DSC_0029My Better Half has been amused by the occasional interruption in my 99wetlands quest: sometimes I am unable to visit a wetland…because of flooding. Seems awfully funny to her. Honestly though, it’s to be expected—I mean, floods are part and parcel of the wetland ecosystem, so it’ll be a factor for us who like to visit wetlands. But sure, if it amuses you, or inspires you to song, then enjoy the irony.

This week’s wetland is an example of the challenge; at first I couldn’t even get to my site because of flooding! Buffalo Creek Wildlife Management Area, located in southwest Delaware County, was difficult to access because the creek was running high. I snapped a photo from the north approach, went the long way around, and entered a parcel from the south, after driving along the county line. (It all gets a bit confusing: some of the area is County land, other parts are State land.)

This might be a good time to put in a plug for road safety regarding flooding. At one point, I admit I looked at the thin layer of moving water flowing across the road surface, and thought…”that doesn’t seem so bad. I could probably drive across it OK.”

DSC_0024That’s dangerous thinking, right there. And I know better! I have slipped (violently) when walking in a stream as the current sweeps you off your feet (not in a fun, romantic way—more of a “now you’re gonna drown, you big dummy” way). And remember, your tires are essentially just big balloons. Tires won’t do well on water—they glide, or float. So, don’t drive on flowing water, please. Leave the river-on-road exploration to the experts…herons, for example, have skills you and I lack.

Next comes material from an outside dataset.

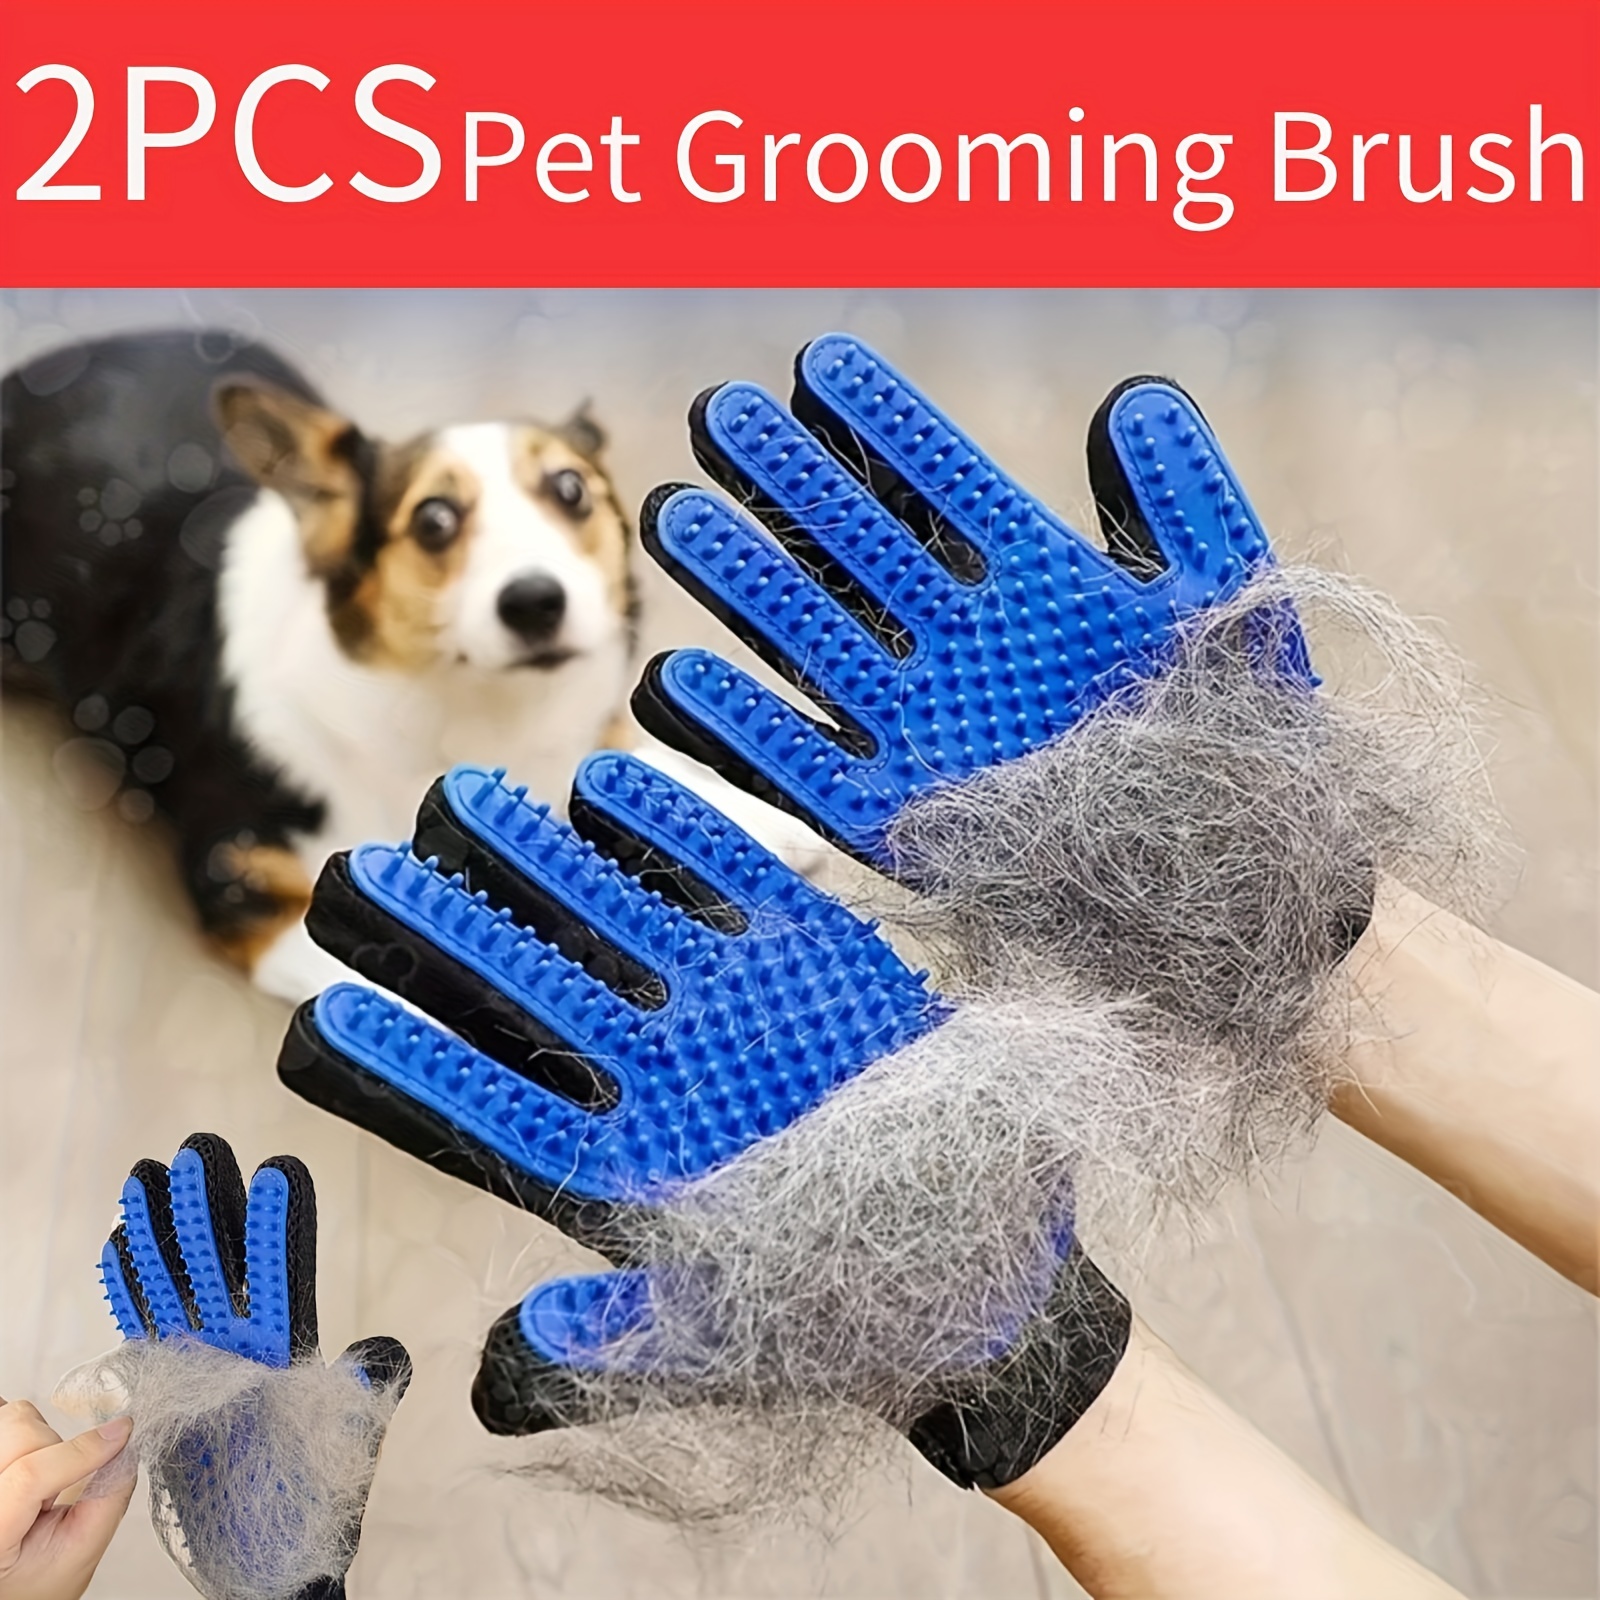 

2pcs 2-in-1 Pet Grooming Glove Brush For Dogs And Cats - Fur And Hair Removal Mitt With Massage And Deshedding Benefits

DSC_0026So, I drove around, and near a pasture I found a pretty little wetland pond just south of the creek itself. I’d expect the wetland to be flooded by the river itself, when water is a bit higher than I was seeing. At this moment, flood stage wasn’t quite there. I easily walked around, and I admired pretty dragonflies. These insects have become a favorite feature of my wetland travels. Whether thrilling to their elaborate mating flights, watching them gracefully depositing eggs, or catching their larvae (nymphs) with a net for a close-up look, dragonflies are beautiful and fascinating. Oh…and they eat mosquitoes! Gotta love these animals. I have several blurry photos of these insects flying around…at least I think that’s what they are? Um…they were actively moving, and hard to photograph. Instead, here I include some beautiful plants, Arrowhead (Sagittaria) and Spike Rush (Eleocharis) for your enjoyment.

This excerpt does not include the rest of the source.